Charlotte has been criticized as a city that tears down its history to make way for the next shiny building. Traffic is an ever-growing worry, and neighbors are often opposed to projects that might dump more cars on already-crowded roads. And desirable neighborhoods are facing more and more pressure from gentrification and denser infill, potentially changing the fabric of local residents and businesses.

Weighing the value of historic preservation, finding some way to mitigate traffice and blunting the impacts of gentrification against the benefits of building more could be another difficult conversation in Charlotte.

Will prices actually come down?

That may be the most important question. There isn’t as much definitive research on this question, at least at a local level, as you might expect.

We understand intuitively that increasing supply should tamp down prices. One reason houses cost so much more than they did five years ago in Charlotte is because there are barely half as many houses for sale, but just as much, if not more, demand.

But on a more granular level, how much would building, say, 2,000 more high-end homes in Charlotte bring down prices overall? What about 4,000, or 8,000? And for whom? What if a large portion of them end up sitting vacant, as is the case with New York City luxury apartments? Will new high-end housing encourage more landlords to sell in gentrifying neighborhoods, leading to displacement? Will more homes in Gastonia have an impact on prices in Mint Hill? What about high end townhouses built in Plaza Midwood — would those slow price rises in that neighborhood, or accelerate price appreciation in nearby, gentrifying areas? Or both, at the same time?

Researchers are digging into these questions, but the housing market is big, complex and varies hugely from place to place. And the research there is doesn’t always support higher density equaling lower cost, or even relaxed regulations resulting in more construction. A study published last month in Urban Affairs Review found that upzoning land around Chicago transit stations didn’t result in increased housing production, but prices for existing housing did go up.

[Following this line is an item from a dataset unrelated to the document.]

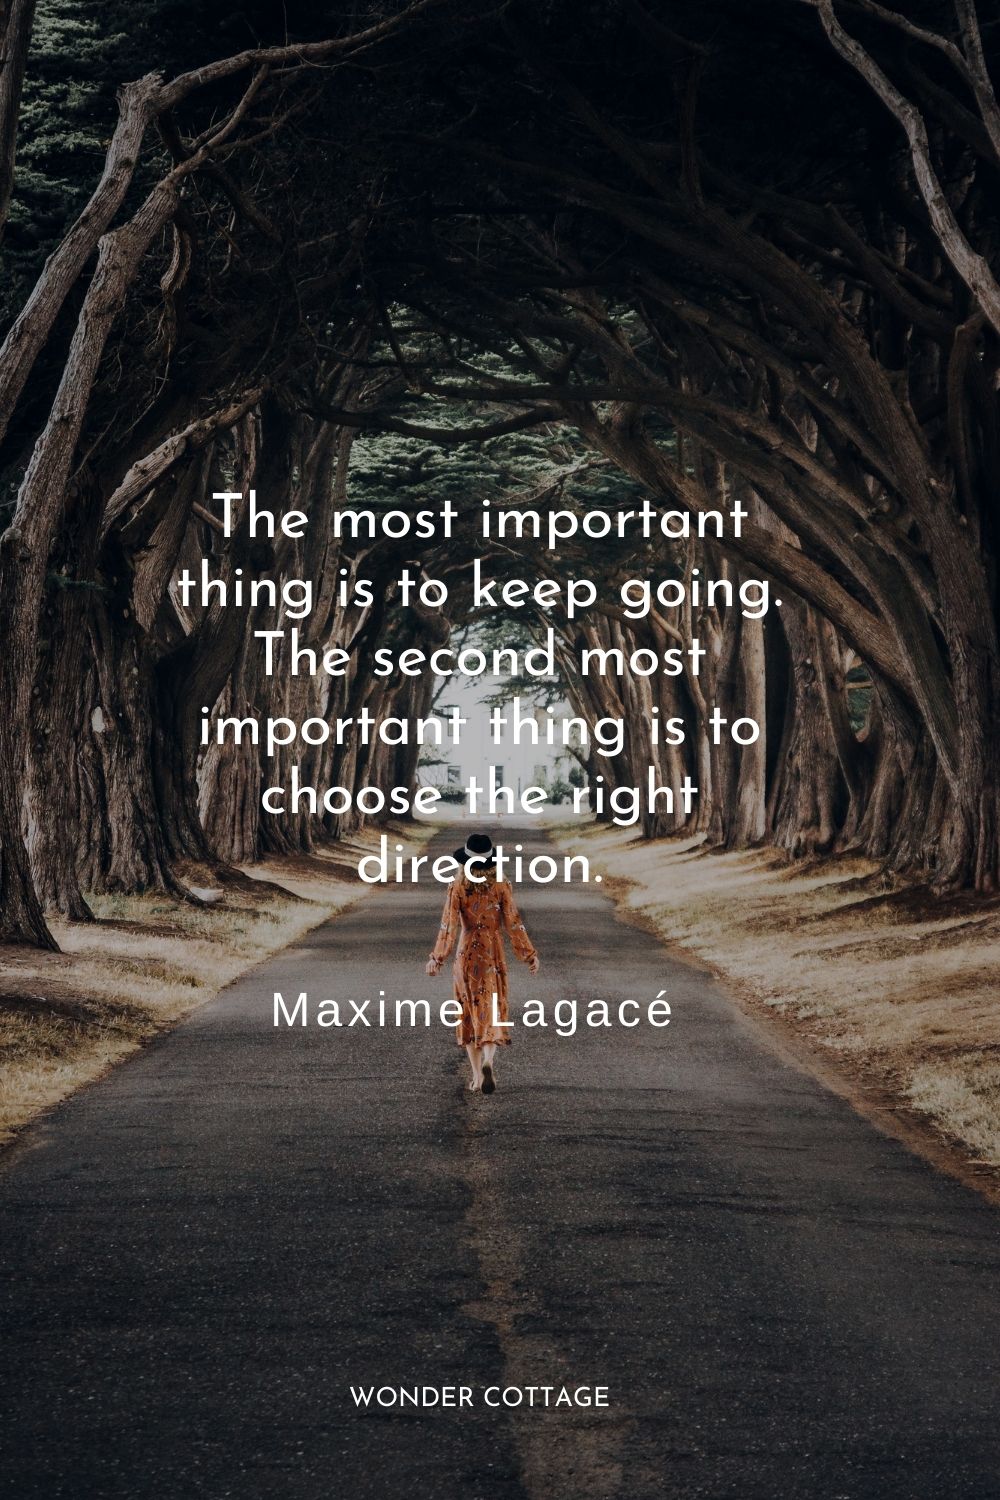 The most important thing is to keep going. The second most important thing is to choose the right direction. Maxime Lagacé

Another study last year in Urban Studies contended that housing is less of a problem related to inequality than wages, employment and skills. As for upzoning and building more densely? It mainly leads to building high-end housing in desirable locations,” co-author Andrés Rodríguez-Pose told CityLab.

Whatever solutions are found, they’re likely to be long-term, complex and multifaceted.

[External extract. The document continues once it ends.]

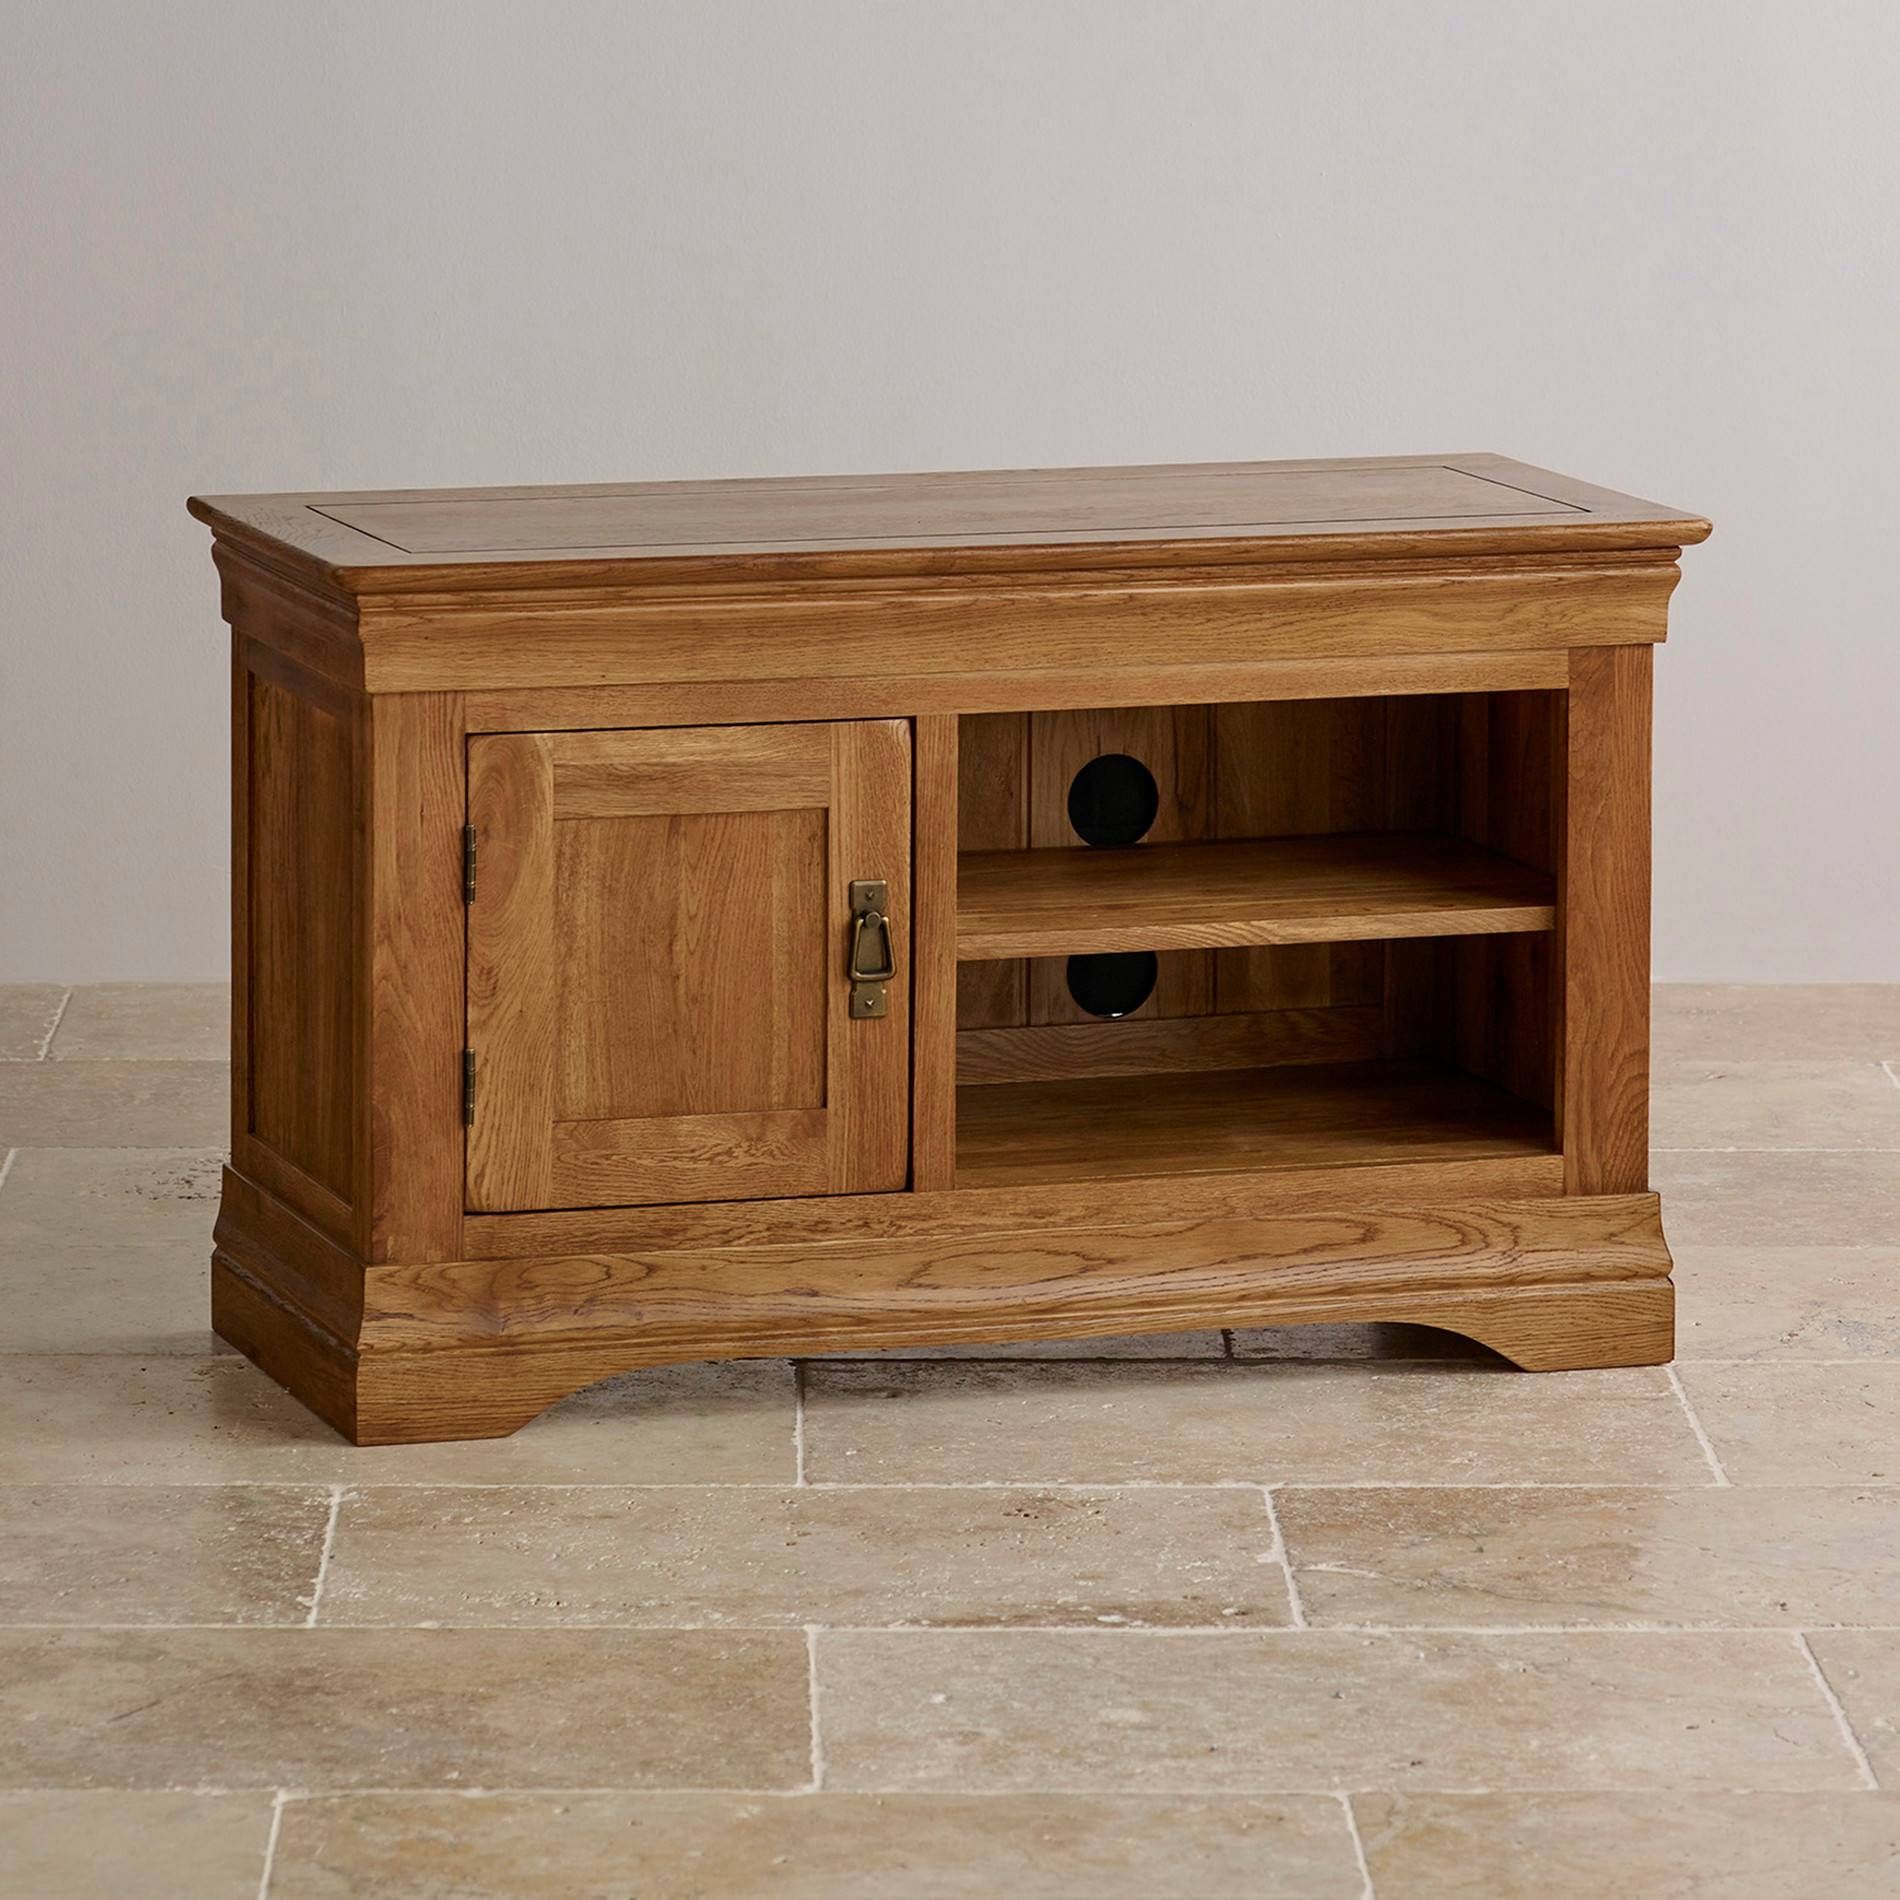 French Farmhouse Tv Cabinet | Solid Oak | Oak Furniture Land Throughout Small Tv Cabinets (View 1 of 15)

“People say things like we’ve got to reduce the cost of construction. We’ve got to get government regulation down,” said Charlotte mayor Vi Lyles at the National Association of Homebuilders forum.

But, while she said local government should look at changing regulations, using public land and finding more creative financing, we shouldn’t ignore low wages and other systemic issues. “Building is a lot easier than actually solving the problem.”